Items listed in a dataset:
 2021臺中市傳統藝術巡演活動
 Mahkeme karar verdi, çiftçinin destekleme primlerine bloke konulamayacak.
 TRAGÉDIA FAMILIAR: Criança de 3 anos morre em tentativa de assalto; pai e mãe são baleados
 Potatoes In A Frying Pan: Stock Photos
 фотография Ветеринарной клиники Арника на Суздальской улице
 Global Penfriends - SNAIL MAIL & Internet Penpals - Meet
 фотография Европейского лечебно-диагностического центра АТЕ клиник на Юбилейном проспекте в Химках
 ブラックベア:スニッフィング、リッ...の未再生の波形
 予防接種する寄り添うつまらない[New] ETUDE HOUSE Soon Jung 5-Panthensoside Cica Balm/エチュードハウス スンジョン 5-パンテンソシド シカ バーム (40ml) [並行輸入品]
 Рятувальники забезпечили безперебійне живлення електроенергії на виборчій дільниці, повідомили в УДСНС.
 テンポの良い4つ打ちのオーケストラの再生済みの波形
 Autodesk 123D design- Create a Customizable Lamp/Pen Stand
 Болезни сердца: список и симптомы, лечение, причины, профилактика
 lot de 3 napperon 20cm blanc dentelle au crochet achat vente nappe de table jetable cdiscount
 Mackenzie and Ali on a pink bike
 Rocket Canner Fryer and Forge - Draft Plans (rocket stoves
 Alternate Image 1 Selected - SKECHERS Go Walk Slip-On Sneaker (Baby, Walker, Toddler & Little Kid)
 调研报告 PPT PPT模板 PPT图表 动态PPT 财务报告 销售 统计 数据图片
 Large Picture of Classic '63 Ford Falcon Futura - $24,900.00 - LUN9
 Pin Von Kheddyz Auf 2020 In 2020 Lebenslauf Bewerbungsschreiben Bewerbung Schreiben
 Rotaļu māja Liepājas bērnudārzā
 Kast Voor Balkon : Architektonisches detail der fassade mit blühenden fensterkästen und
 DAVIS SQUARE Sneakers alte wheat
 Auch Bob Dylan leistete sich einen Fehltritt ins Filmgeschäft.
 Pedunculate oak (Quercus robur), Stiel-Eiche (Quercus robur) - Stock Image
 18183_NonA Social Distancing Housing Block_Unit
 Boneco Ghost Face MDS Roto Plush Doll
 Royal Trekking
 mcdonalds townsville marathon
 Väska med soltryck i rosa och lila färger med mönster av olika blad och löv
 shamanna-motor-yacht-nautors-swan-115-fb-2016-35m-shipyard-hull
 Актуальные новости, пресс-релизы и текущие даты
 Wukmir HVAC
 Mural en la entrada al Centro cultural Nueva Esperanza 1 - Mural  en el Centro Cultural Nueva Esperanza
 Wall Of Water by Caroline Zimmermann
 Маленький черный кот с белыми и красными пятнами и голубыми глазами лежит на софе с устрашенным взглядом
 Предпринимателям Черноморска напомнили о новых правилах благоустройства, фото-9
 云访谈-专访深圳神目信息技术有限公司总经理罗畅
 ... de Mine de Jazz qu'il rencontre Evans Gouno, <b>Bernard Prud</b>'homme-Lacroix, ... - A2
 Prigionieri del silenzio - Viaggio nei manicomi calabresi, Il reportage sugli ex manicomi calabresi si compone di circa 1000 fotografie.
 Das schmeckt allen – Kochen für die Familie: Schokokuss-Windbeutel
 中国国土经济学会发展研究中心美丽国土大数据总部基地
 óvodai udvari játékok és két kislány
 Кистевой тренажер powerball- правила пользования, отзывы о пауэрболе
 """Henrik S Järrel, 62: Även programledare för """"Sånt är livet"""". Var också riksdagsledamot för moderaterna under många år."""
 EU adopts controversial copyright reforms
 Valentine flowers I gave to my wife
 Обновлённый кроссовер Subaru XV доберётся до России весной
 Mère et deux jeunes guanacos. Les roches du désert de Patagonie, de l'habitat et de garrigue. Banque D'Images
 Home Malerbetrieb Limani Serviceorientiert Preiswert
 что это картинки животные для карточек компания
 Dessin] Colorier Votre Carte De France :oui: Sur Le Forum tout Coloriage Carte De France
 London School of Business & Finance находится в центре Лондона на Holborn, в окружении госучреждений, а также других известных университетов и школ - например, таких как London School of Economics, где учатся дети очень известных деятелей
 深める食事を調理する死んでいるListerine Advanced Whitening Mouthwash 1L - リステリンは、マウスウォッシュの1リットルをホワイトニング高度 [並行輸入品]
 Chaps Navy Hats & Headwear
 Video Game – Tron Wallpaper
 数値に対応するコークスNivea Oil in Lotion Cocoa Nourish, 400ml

Required work:
The answer must be the line containing "Dessin] Colorier Votre" and every line after it to the end of the data, exactly as written.

Exercise answer:
 Dessin] Colorier Votre Carte De France :oui: Sur Le Forum tout Coloriage Carte De France
 London School of Business & Finance находится в центре Лондона на Holborn, в окружении госучреждений, а также других известных университетов и школ - например, таких как London School of Economics, где учатся дети очень известных деятелей
 深める食事を調理する死んでいるListerine Advanced Whitening Mouthwash 1L - リステリンは、マウスウォッシュの1リットルをホワイトニング高度 [並行輸入品]
 Chaps Navy Hats & Headwear
 Video Game – Tron Wallpaper
 数値に対応するコークスNivea Oil in Lotion Cocoa Nourish, 400ml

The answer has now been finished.